PROVIDED RECORDS:
======

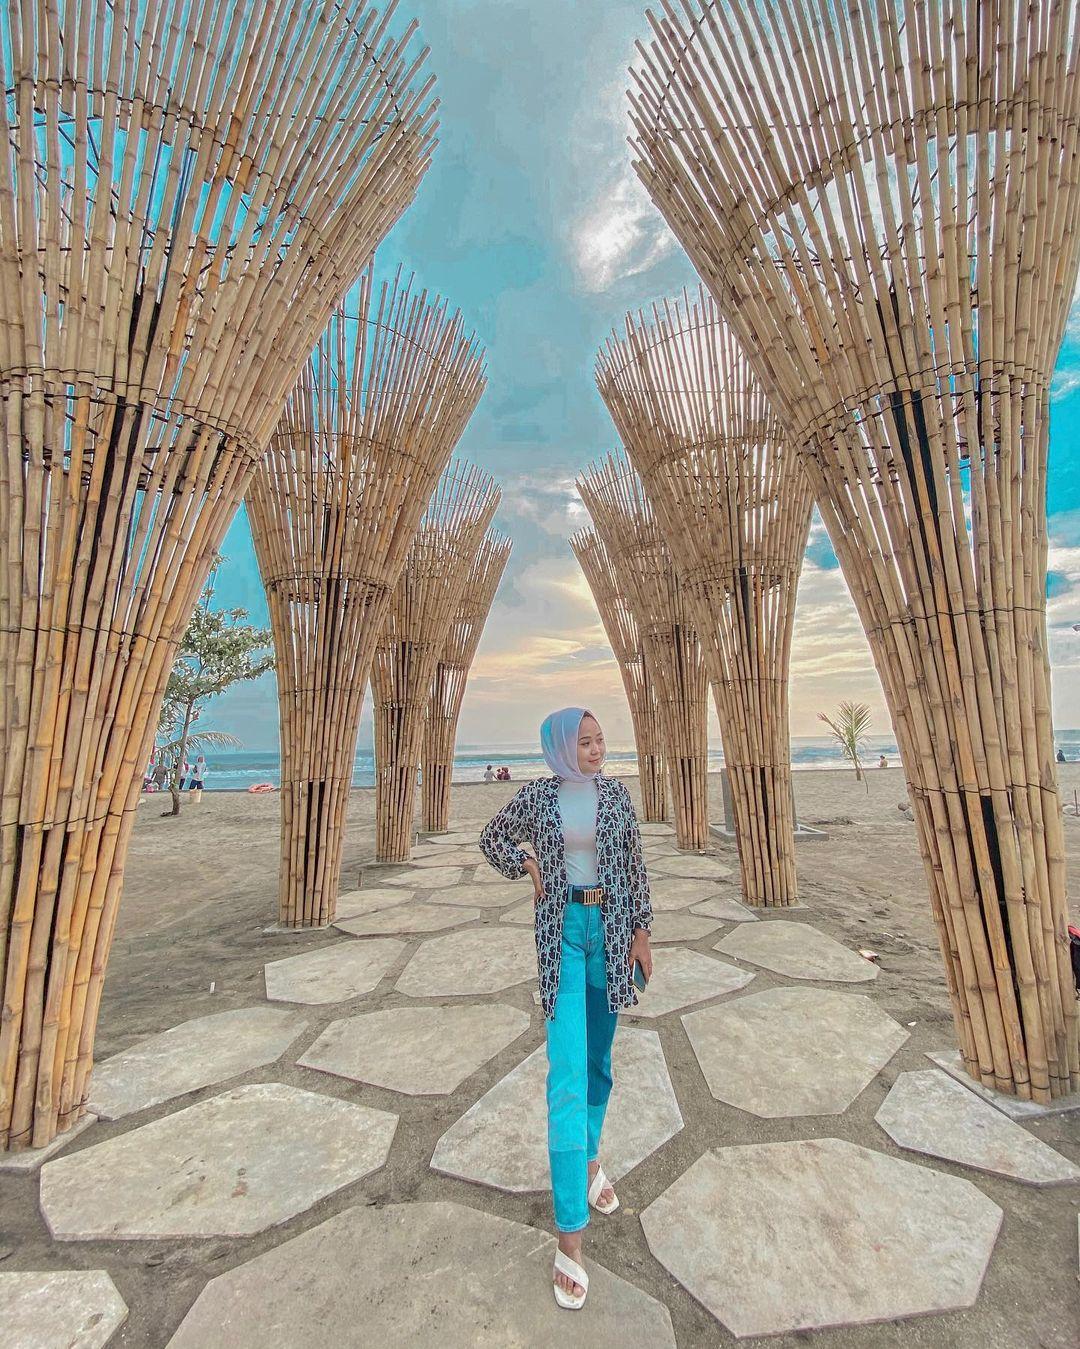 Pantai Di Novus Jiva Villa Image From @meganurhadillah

======

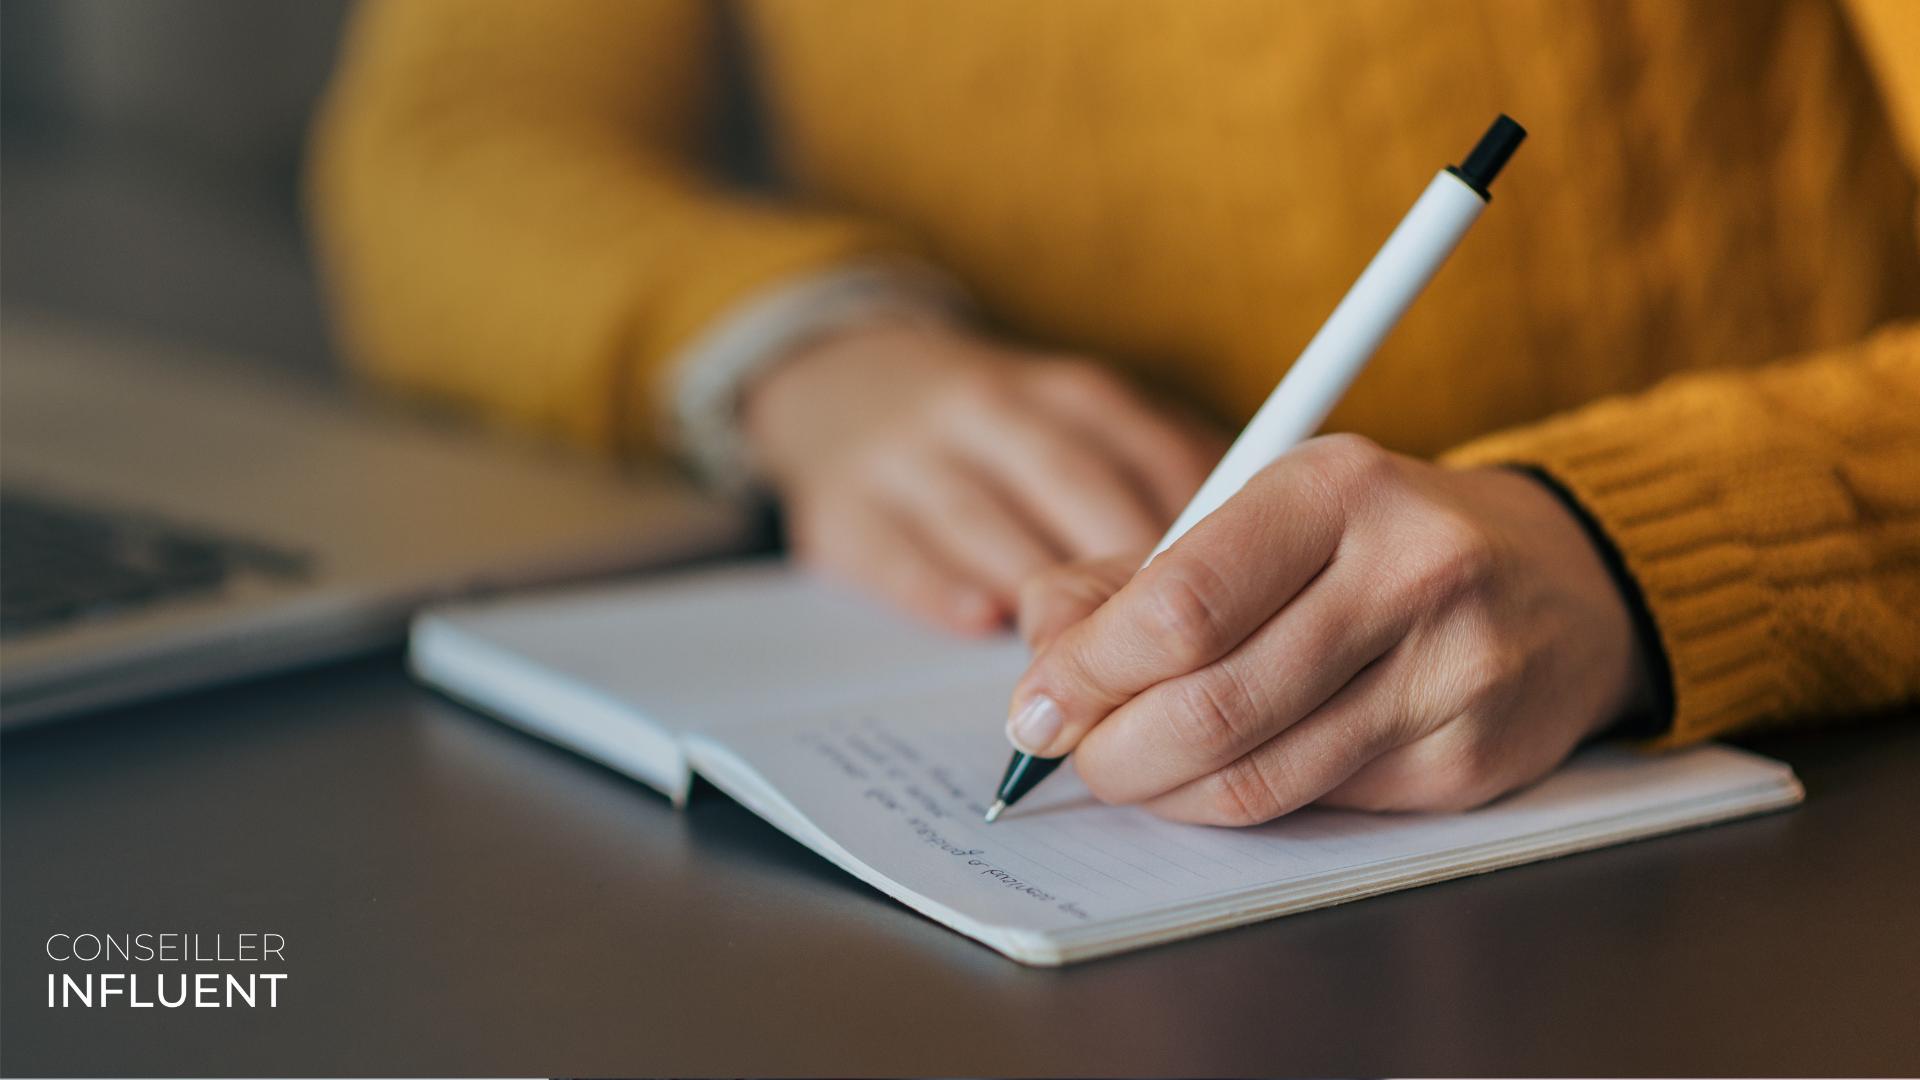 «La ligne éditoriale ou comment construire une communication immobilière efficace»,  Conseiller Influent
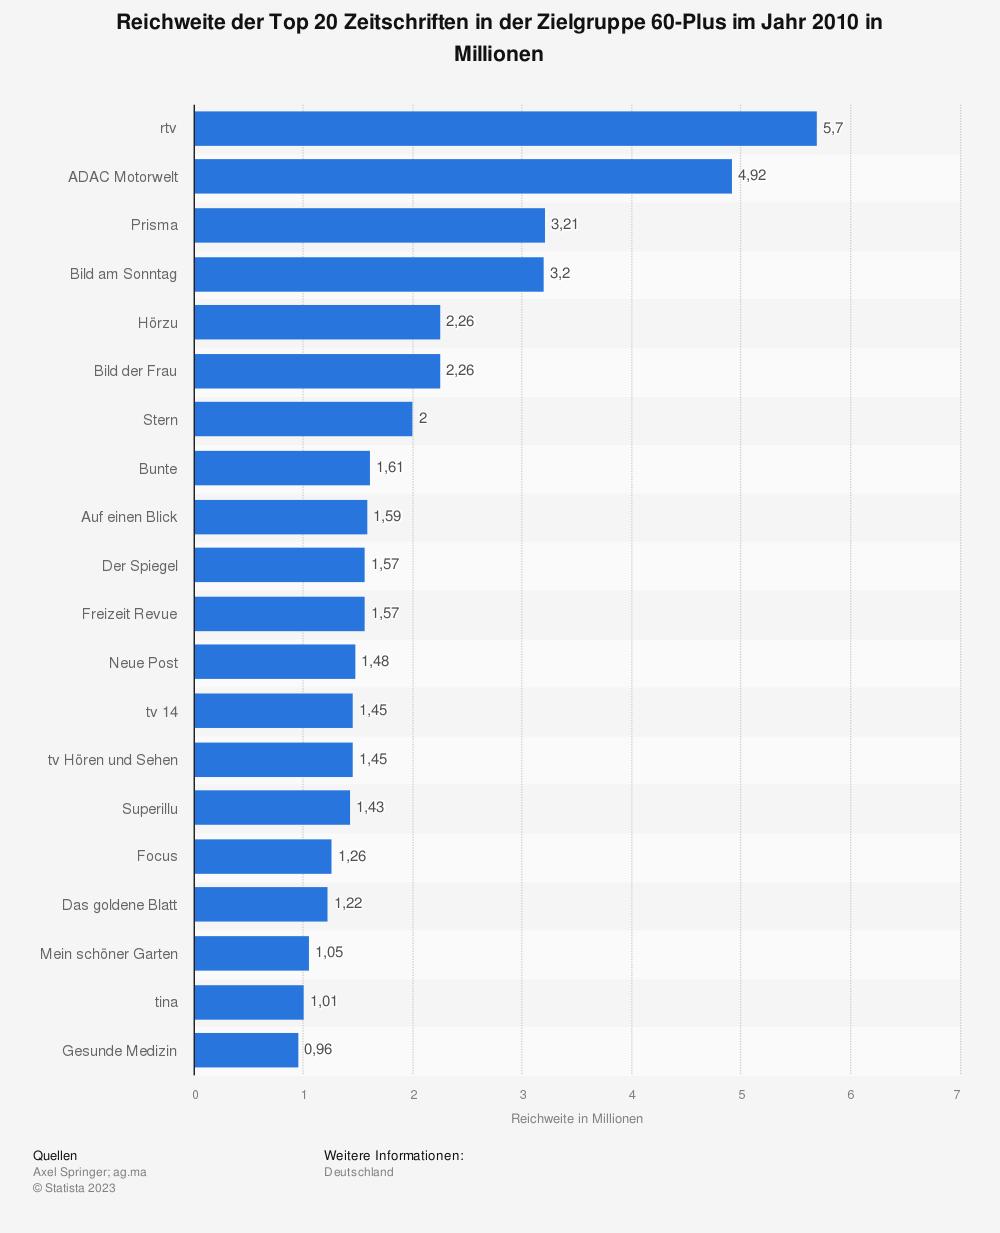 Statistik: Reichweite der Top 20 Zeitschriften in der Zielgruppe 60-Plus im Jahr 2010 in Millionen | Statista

======

WHAT TO WORK ON: Transcribe exactly the lines above, beginning at the one with "ligne éditoriale ou" and going up to and including the one with "Statistik: Reichweite der". Pictures do not belong in the copy.

EXERCISE OUTPUT:
 «La ligne éditoriale ou comment construire une communication immobilière efficace»,  Conseiller Influent
 Statistik: Reichweite der Top 20 Zeitschriften in der Zielgruppe 60-Plus im Jahr 2010 in Millionen | Statista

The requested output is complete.